Compressive Sampling OCT


Acquiring three dimensional image volumes with techniques such as Optical Coherence Tomography (OCT) relies on reconstructing the tissue layers based on reflection of light from tissue interfaces. One B-mode scan in an image is acquired by scanning and concatenating several A-mode scans, and several contiguous slices are acquired to assemble a full 3D image volume. In this work, we demonstrate how Compressive Sampling (CS) can be used to accurately reconstruct 3D OCT images with minimal quality degradation from a subset of the original image. The full 3D image is reconstructed from sparsely sampled data by exploiting the sparsity of the image in a carefully chosen transform domain. We use several sub-sampling schemes, recover the full 3D image using CS, and show that there is negligible effect on clinically relevant morphometric measurements of the optic nerve head in the recovered image. The potential outcome of this work is a significant reduction in OCT image acquisition time, with possible extensions to speeding up acquisition in other imaging modalities such as ultrasound and MRI.

Human Optic Nerve Head (ONH) volume from a 830nm Spectrometer-based OCT system was used as model data to evaluate CS recovery technique. The sparsely sampled OCT image volume that would be acquired by our proposed method of skipping horizontal and vertical raster-scan lines (Figure 1) was simulated by applying a binary restriction mask to the data.
Figure 1: Scan pattern consisting of randomly spaced horizontal B-scans and randomly.
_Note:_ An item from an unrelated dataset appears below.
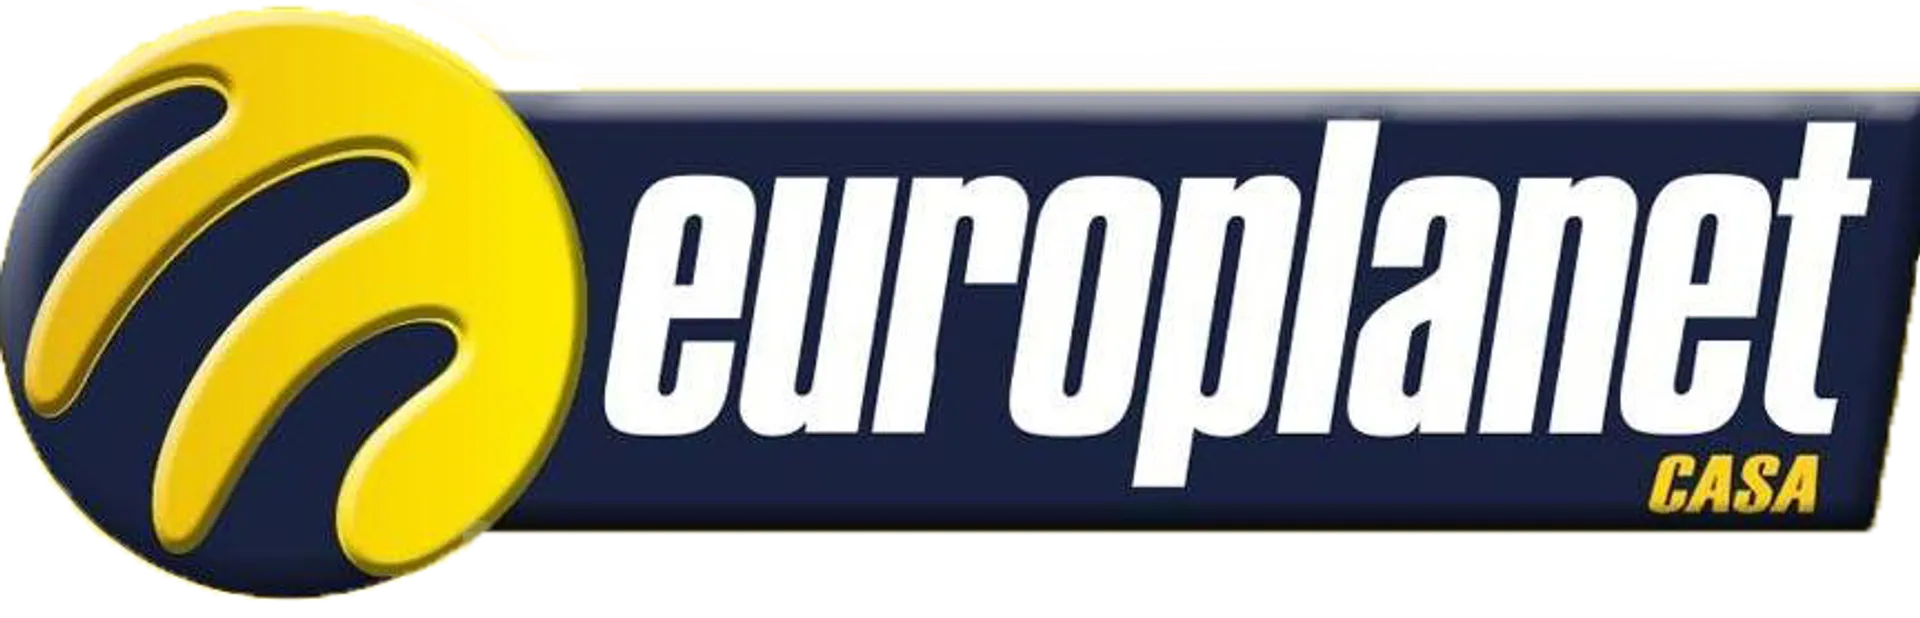 EUROPLANET logo

En face section was extracted from the sub-sampled model volume.
Representative results from the CS OCT are presented in Figure 2 and Figure 3. Figure 2 compares CS recovery technique to bilinear interpolation on a volume with 53% missing data, and Figure 3 presents representative B-scans recovered with CS in volumes with 23, 35, 61 and 75% missing data.
Figure 2: CS-Recovery results with a volume missing 53% data. The model B-scan (a) is taken from the full data. (b) is a sample B-scan after the binary mask has been applied. (c) and (d) are the recovered results using CS and bilinear interpolation, respectively. Note that bilinear interpolation shows an undesirable staircase effect while CS results in good quality reconstruction.

Figure 3: Representative slices recovered with CS in volumes with 23%, 35%, 61% and 75% missing data.

Fewer total B-scans are required for CS-based recovery of the OCT volume, reducing the acquisition time with minimal degradation in image quality. The reduction in the OCT scan time limits the discomfort of a subject during the scan and reduces the amount of motion artifact. Image reconstruction with CS preserved the smoothness of sharp features in the optic cup, whereas standard bilinear interpolation resulted in staircase effect and loss of detail. The Compressed Sensing scan pattern is compatible with existing OCT acquisition hardware, and has the potential to reduce the acquisition time in applications such as retinal imaging where the Ascan rate is limited by the maximum permitted optical exposure.

Reference


E. Lebed, P.J. Mackenzie, M. V. Sarunic, M.F. Beg, "Rapid Volumetric OCT Image Acquisition Using Compressive Sampling", Opt. Express 18 (20), 21003-21012 (2010).